As disparate as these advice forums might seem, they often share a common theme.
Both in the impressive enterprise buildings and the startup incubator conference rooms,
people ask me about offshoring application development. To go overseas or not
to go overseas? That, quite frequently, is the question (posed to me).
I find this pretty difficult to answer absent additional information. In any
context, people asking this bake two core assumptions into their question. What
they really want to say would sound more like this. "Will I suffer for the choice
to sacrifice quality to save money?"
They assume first that cheaper offshore work means lower quality. And then they
assume that you can trade quality for cost as if adjusting the volume dial in your
car. If only life worked this simply.
What You Know When You Offshore
Before going further, let's back up a bit. I want to talk about what you actually know
when you make the decision to pay overseas firms a lower rate to build software.
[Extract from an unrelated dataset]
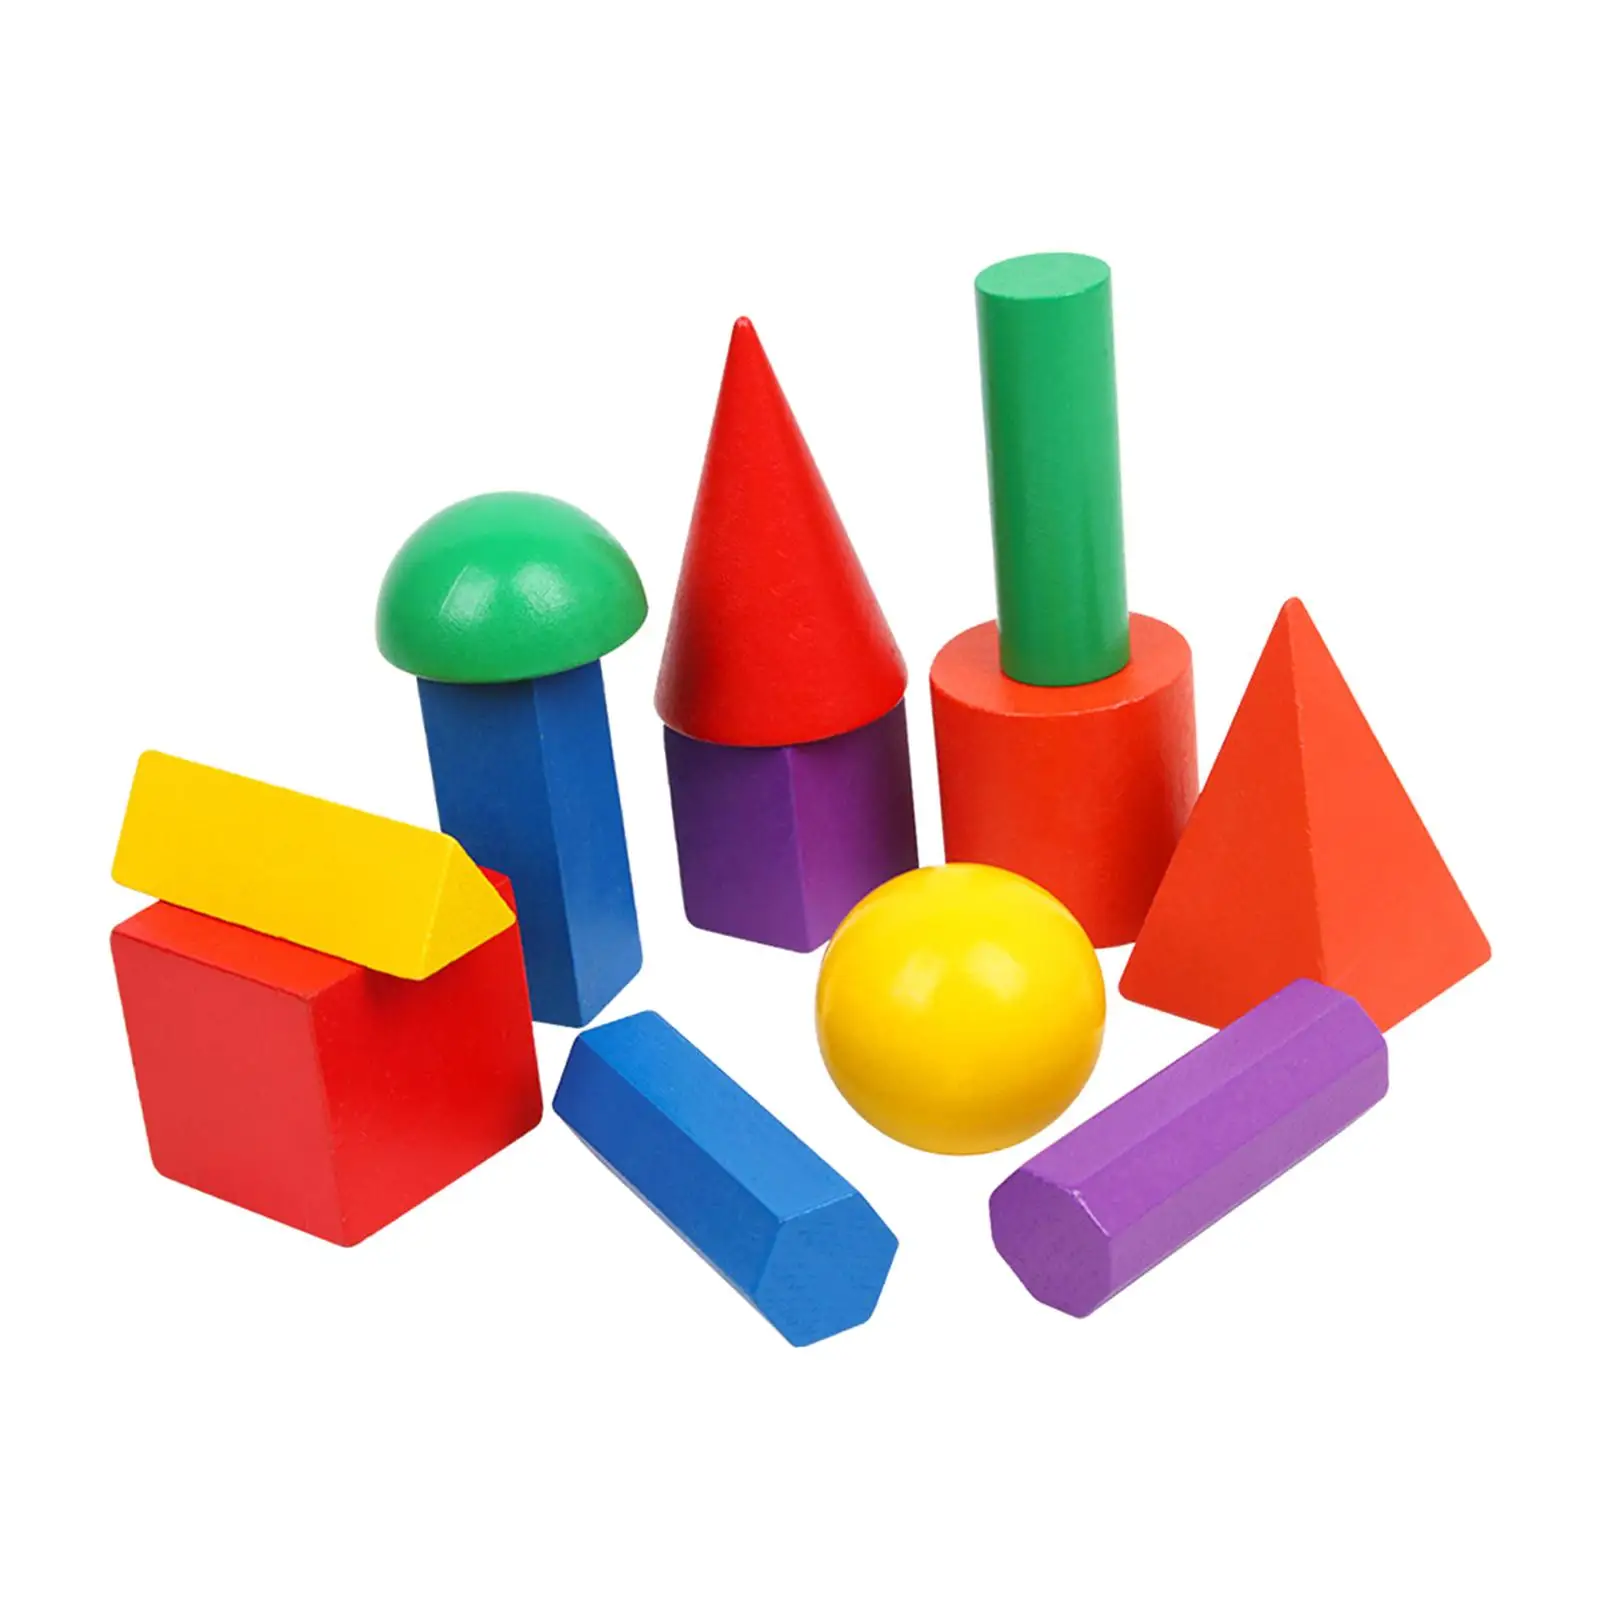 12x Montessori 3D Shapes Geometric Solids Learning Toys Teaching Aids Educational Large Size Pattern Blocks for Preschool Gift

But first, let's dispel these assumptions that nobody can really justify.
Understand something unequivocally. You cannot simply exchange units of "quality"
for currency. If you ask me to build you a web app, and I tell you that I'll
do it for $30,000, you can't simply say, "I'll give you $15,000 to build one-half
as good." I mean, you could say that. But you'd be saying something
absurd, and you know it. You can reasonably adjust cost by cutting scope, but
not by assuming that "half as good" means "twice as fast."
Also, you need to understand that "cheap overseas labor" doesn't necessarily mean
lower quality. Frequently it does, but not always. And, not even frequently
enough that you can just bank on it.
So what do you know when you contract with an inexpensive, overseas provider?
Not a lot, actually. But you do know that your partner will work with you mainly
remotely, across a great deal of distance, and with significant communication obstacles.
You will not collaborate as closely with them as you would with an employee or a local
vendor.
The (Non) Locality Conundrum
So you have a limited budget, and you go shopping for offshore app dev. You
go in knowing that you may deal with less skilled developers. But honestly,
most people dramatically overestimate the importance of that concern.
What tends to torpedo these projects lies more in the communication gulf and less
in the skill. You give them wireframes and vague instructions, and they come
back with what they think you want. They explain their deliveries with passable
English in emails sent at 2:30 AM your time. This collaboration proves taxing
for both parties, so you both avoid it, for the most part. You thus mutually
collude to raise the stakes with each passing week.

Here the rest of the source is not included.